Re: [PATCH] xfsprogs: Issue smaller discards at mkfs

Eric Sandeen <sandeen@xxxxxxxxxxx> · Thu, 26 Oct 2017 12:49:53 -0500

On 10/26/17 11:25 AM, Darrick J. Wong wrote:
> On Thu, Oct 26, 2017 at 08:41:31AM -0600, Keith Busch wrote:
>> Running mkfs.xfs was discarding the entire capacity in a single range. The
>> block layer would split these into potentially many smaller requests
>> and dispatch all of them to the device at roughly the same time.
>>
>> SSD capacities are getting so large that full capacity discards will
>> take some time to complete.
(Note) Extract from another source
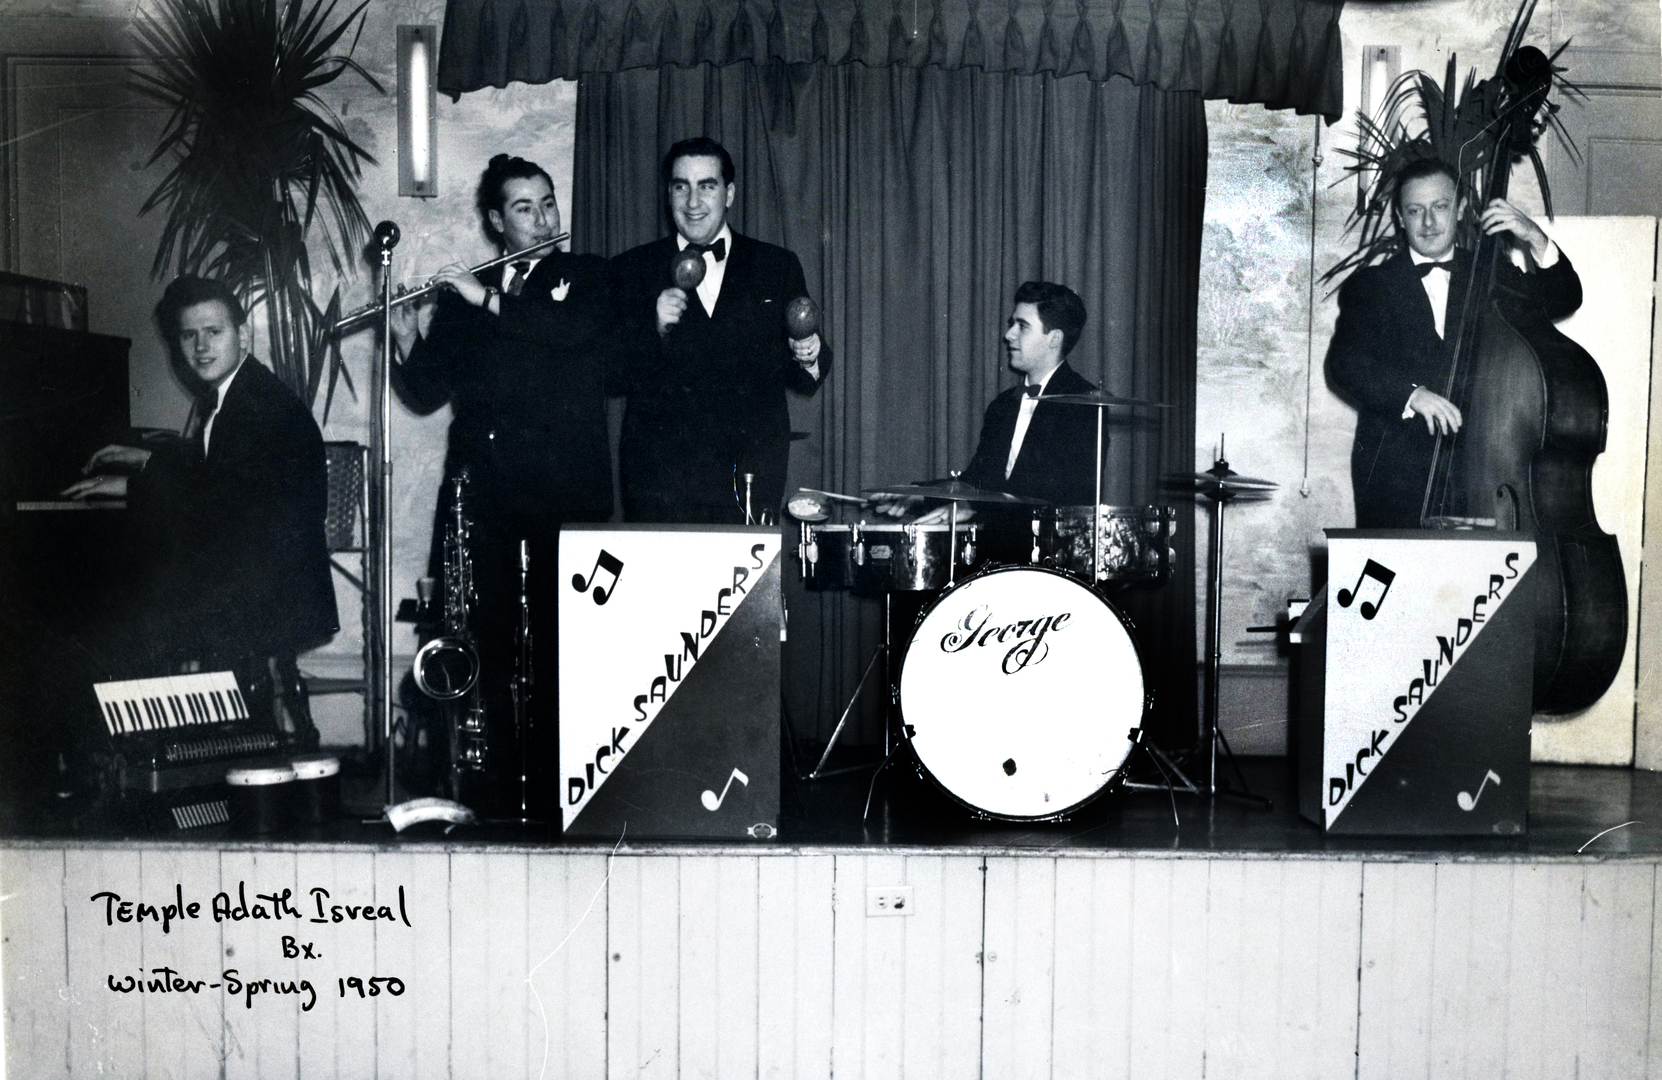 Dick Saunders band performing at a show

When discards are deeply queued, the block
>> layer may trigger timeout handling and IO failure, though the device is
>> operating normally.
>>
>> This patch uses smaller discard ranges in a loop for mkfs to avoid
>> risking such timeouts. The max discard range is arbitrarilly set to
>> 128GB in this patch.
> 
> I'd have thought devices would set sane blk_queue_max_discard_sectors
> so that the block layer doesn't send such a huge command that the kernel
> times out...
> 
> ...but then I actually went and grepped that in the kernel and
> discovered that nbd, zram, raid0, mtd, and nvme all pass in UINT_MAX,
> which is 2T.  Frighteningly xen-blkfront passes in get_capacity() (which
> overflows the unsigned int parameter on big virtual disks, I guess?).
> 
> (I still think this is the kernel's problem, not userspace's, but now
> with an extra layer of OMGWTF sprayed on.)
> 
> I dunno.  What kind of device produces these timeouts, and does it go
> away if max_discards is lowered?

Yeah, lots of devices are unhappy with large discards.  And yeah, in the
end I think this papers over a kernel and/or hardware problem.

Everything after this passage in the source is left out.